Everytime I've got drunk at a party I've made a fool of myself, the guilt/embarrasment I feel the next day is unbearable, and I'm always the quickest to get drunk at the party. I don't get it really, I go to parties to have a good time and drink alot, but when I'm there people seem to not drink as much as they say they do or they don't want to drink with me.


----------



## T-Bone (Oct 1, 2010)

The Professor said:


> Obviously I am a "very shy" person in other's people eye's. Last night I went to a party and drank more than I usually do (probably 12-13 drinks in 4 hours). I was pretty anxiety-free but also pretty bold/possibly stupid. All these people that I "know" from campus (but they don't really know me because I never show them personality) I was interacting with in a very talkative, more aggressive, and maybe stupid manner. I was even hugging a lot of girls and getting really close face to face with them.
> 
> Now it's the next day and I am embarrassed and I will be embarrassed whenever I see these girls next (sober). It would be nice to think they were really drunk too, but idk.
> 
> ...


i think people expect you to act out in a manner that you would not have sober. thats what drinking is all about really. most people pay no mind to this and are probably cool with it. hell you were hugging on girls thats awesome. i had my pants fall down onetime when i was drunk lol. now the real embarassing thing would be to get a DUI while drinking and driving. thats not good for you, or your family. so avoid that.


----------



## nervousontheinside (Aug 26, 2013)

Hi,
last night I started with a tequila shot, didn't really plan a night out though ended up drinking too much and embarrassed about a call i made. I mean this girl will probably not talk to me ever again. 
What is really bothering me is the flash backs that come and go from time to time really do cause distress in me and everything gets troublesome.

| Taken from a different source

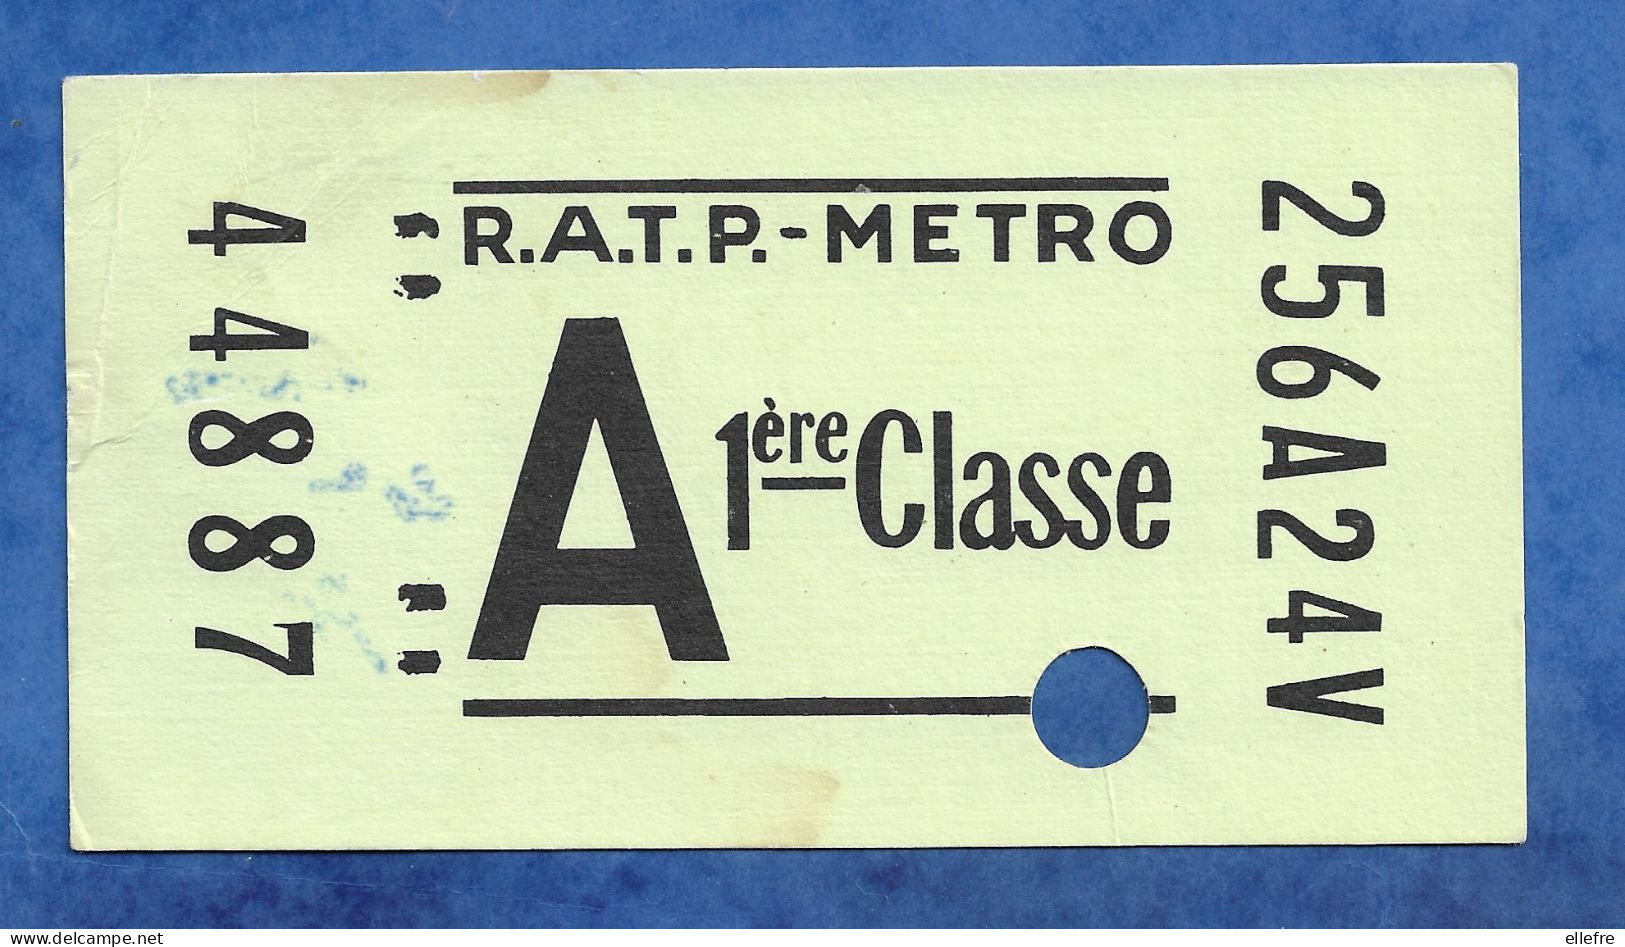 CARTE POSTALE ANNEES 1960 1970 EN FORME TICKET METRO GEANT 1 Ere Classe RATP AUTOBUS SERIE SHOPPING 30 PUBLISTAR PARIS - Metropolitana

I tried laughing it off and not really caring about it, i was drunk! Now i'm going to be in that state of mind to avoid the stupid anxiety, embarrassment and the other side effects of alcohol.


----------



## pete24 (Oct 13, 2010)

Im in the same situation quite often.

I dont have friends so my time of getting drunk is in club's on my own or at home alone. I talk crap to bouncers, try chatting up women im never going to have a chance with, spoke to people I cant stand, or even chat to random people and make up how great and well i'm doing.

On the other end of the spectrum is being annoyed at innocent people enjoying a drink with friends because I was rejected, having a go at someone or trying major rant statuses on facebook, dumped girlfriends because at 2am when I phoned them they said I was drunk, sending a joke about bacon to the police.

It's hard to just shake some of them things off and laugh about them


----------